Sunday, March 29, 2015

Homily for Monday, 30 March 2015‒ Monday of Holy Week

Readings of the day: Isaiah 42:1-7; Psalm 27:1, 2, 3, 13-14; John 12:1-11


“I… have called you for the victory of justice,” God says through the prophet Isaiah in today’s first reading. Of whose “victory of justice” does Isaiah speak?

Holy Week is our final preparation for the ultimate “victory of justice”: Jesus’ death on a cross for us. This is not a “victory of justice” brought on by anything we have done right or in retribution for what we have done wrong. This is God’s “victory of justice,” willed freely by God for our salvation.

And so is this not also our “victory of justice”? We are not mere spectators to God’s justice, so how do we make God’s “victory of justice” our own? Our answer to this question may seem obvious. We know what is right and just, and so we are called to act in ways that are right and just. Our Christian faith calls us to protect basic human rights, first and foremost that of life from conception to natural death. Our Christian faith calls us to use the prosperity we have to benefit the most vulnerable: People who are poor; the working poor; people who lack adequate shelter, water, and food; people who are ill; refugees and migrants. To protect the dignity of those most in need is our foremost “victory of justice”; how we become united in God’s “victory of justice.”

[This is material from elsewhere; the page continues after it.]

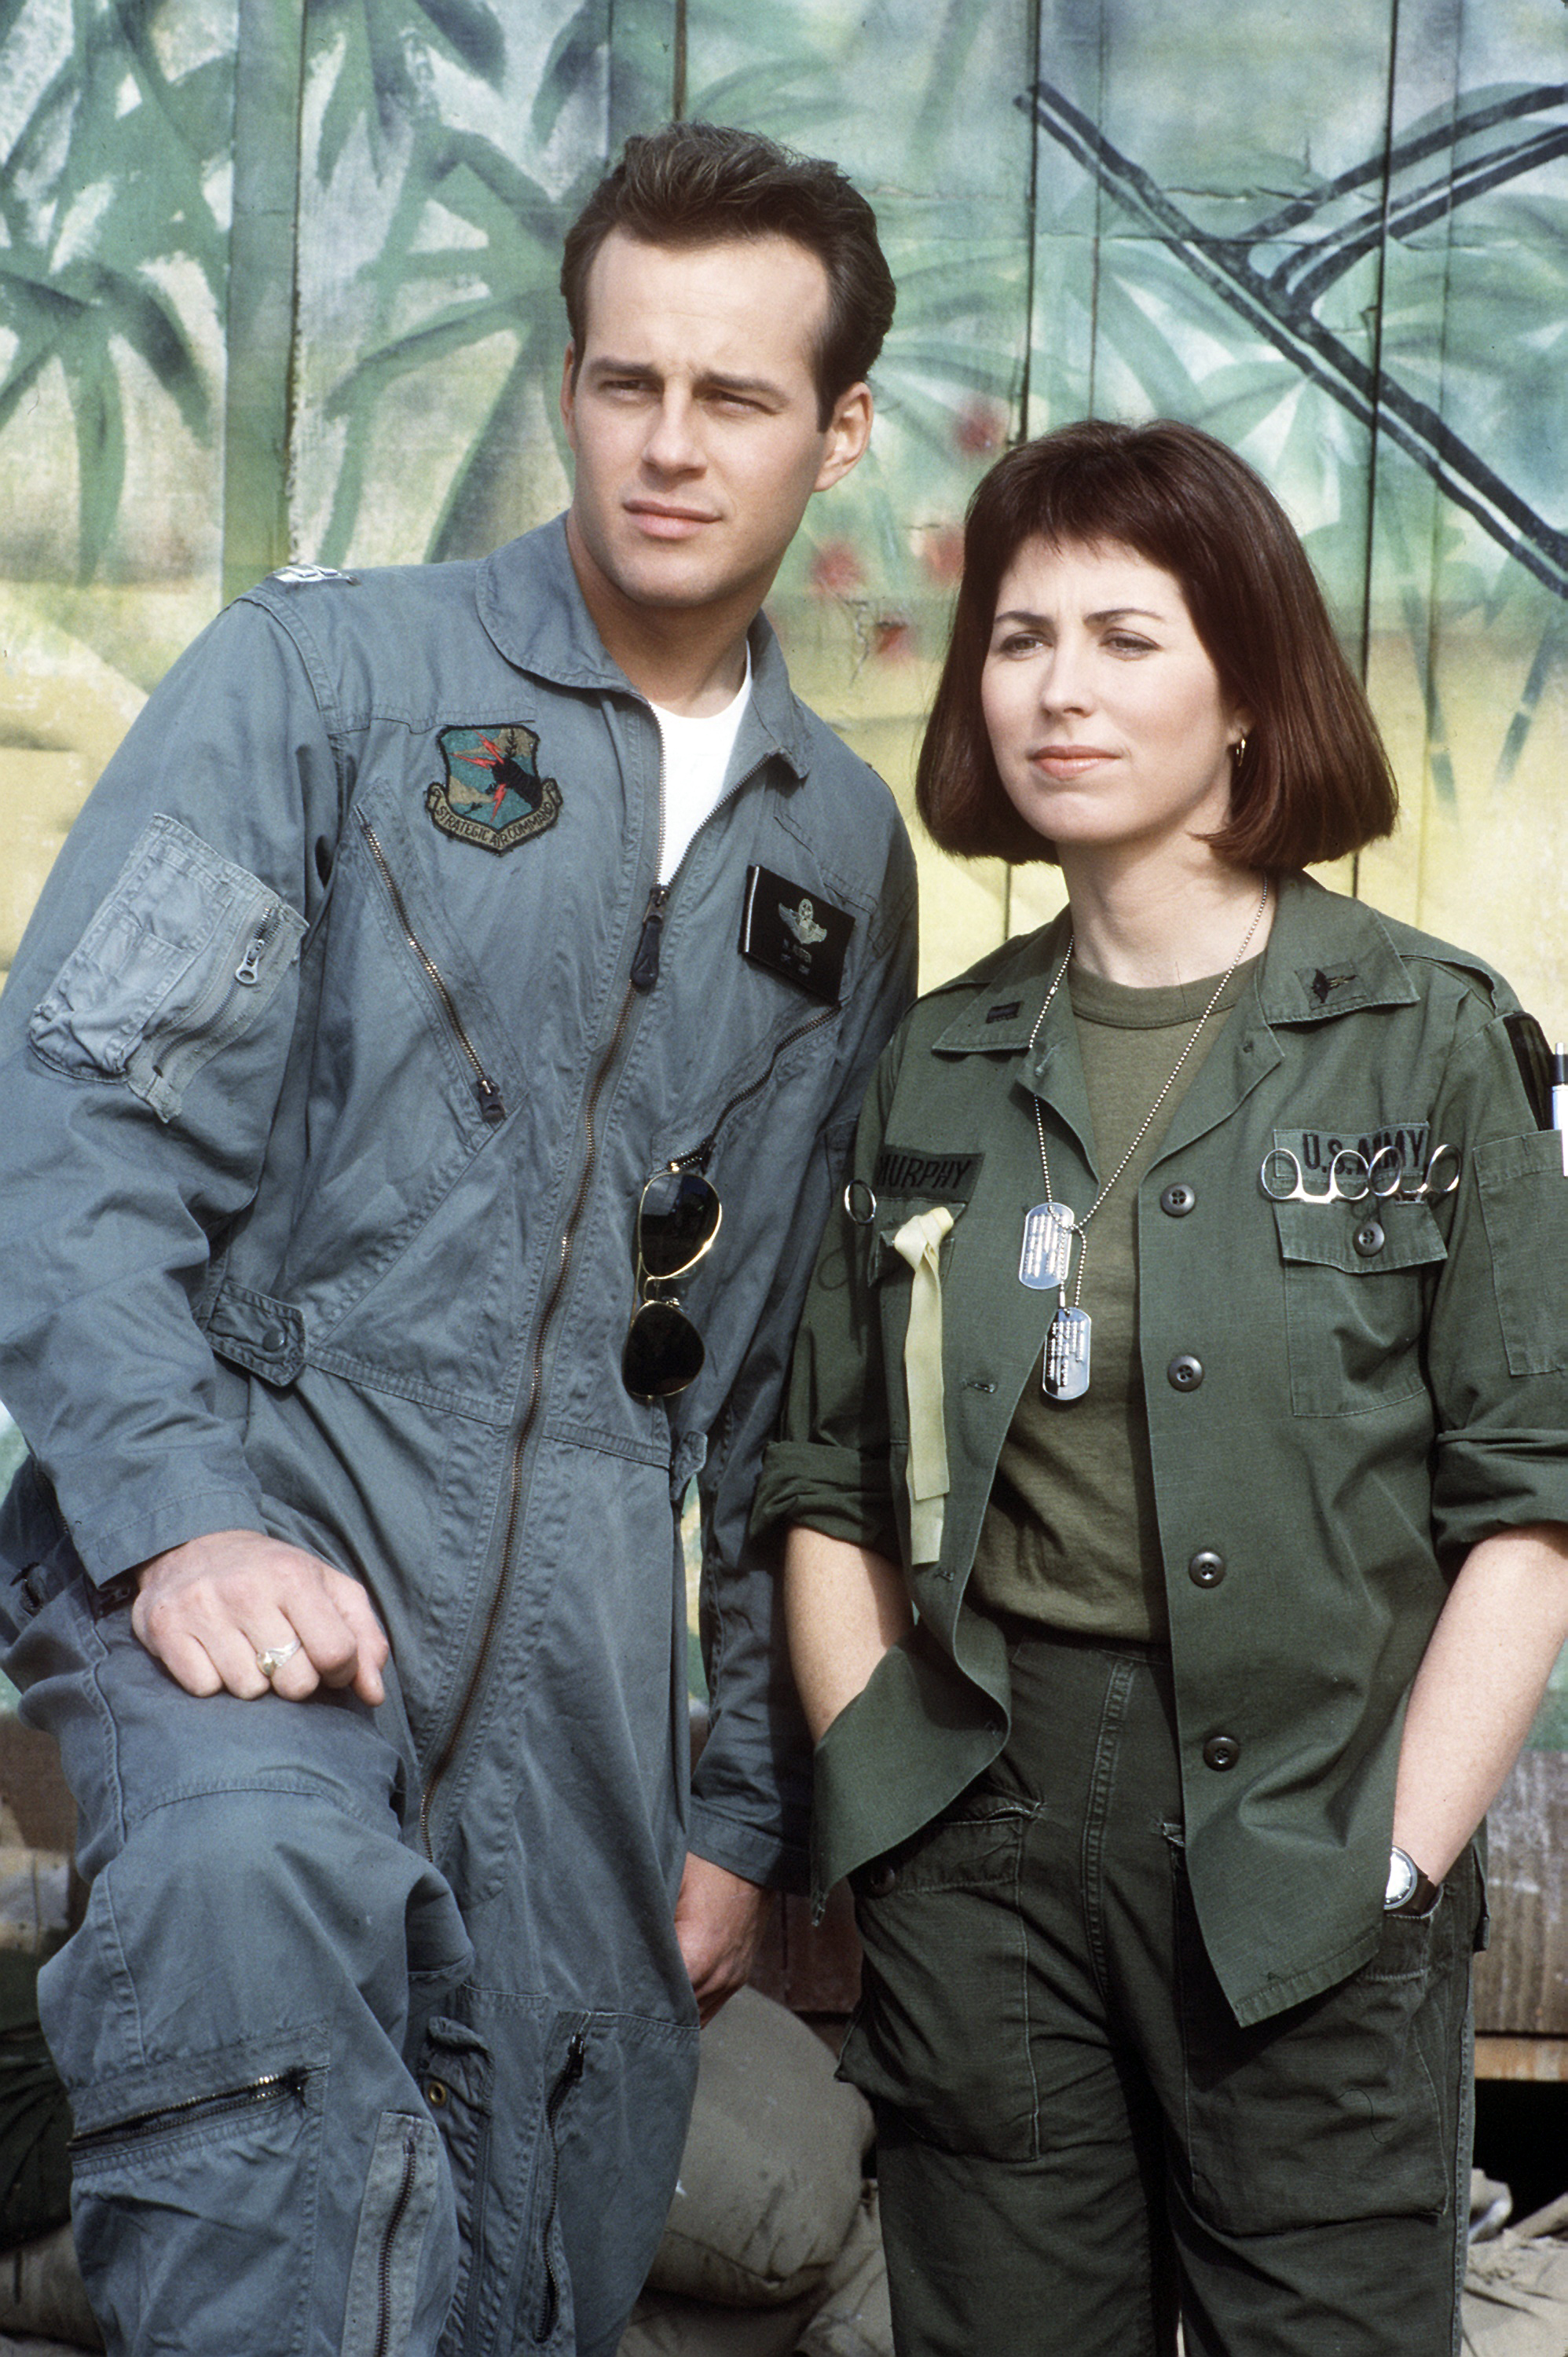 Tim Ryan as pilot Natch Austin and Dana Delany as Nurse Colleen McMurphy in the pilot epiode of "China Beach" on April 26, 1988. | Source: Getty Images

But what if we have little to give to help those who are in need? What if we cannot, as individuals, change social structures of sin that keep many mired in poverty; in violence; in injustice even in our own country? What if, even when we reject or at least do not participate in gossip or political partisanship, we see these continue and even increase in our culture? How do we promote God’s “victory of justice” then?

A saying by Blessed Mother Teresa of Calcutta comes to my mind when I think of how we might promote God’s “victory of justice” in our world today. Mother Teresa said: “We can do no great things; only small things with great love.” For whom have we or will we do a small act of kindness today? How will we show to somebody the “victory of [God’s] justice,” which is the same to me as the victory of kindness and mercy? Who has recently shown us God’s justice; God’s mercy; God’s kindness, even in a small way?

And, above all, when we know we have failed to show forth God’s “victory of justice,” may we never despair of God’s mercy. May we never despair, even when we fall into the same sins; the same lack of justice, and even confess these repeatedly. May we heed the words of our Gospel Acclamation to God this morning: “You alone are compassionate with our faults.”

Might Judas Iscariot’s greatest sin not have been stealing from “the contributions” to the poor; not have been his betrayal of Jesus, but despair? God keeps calling us to small acts of “great love,” so may we never despair! God knows our works, individually and socially, for and against justice. Still, God is “compassionate with our faults.” By Christ’s Passion and death God has redeemed us and made us co-workers in his “victory of justice.”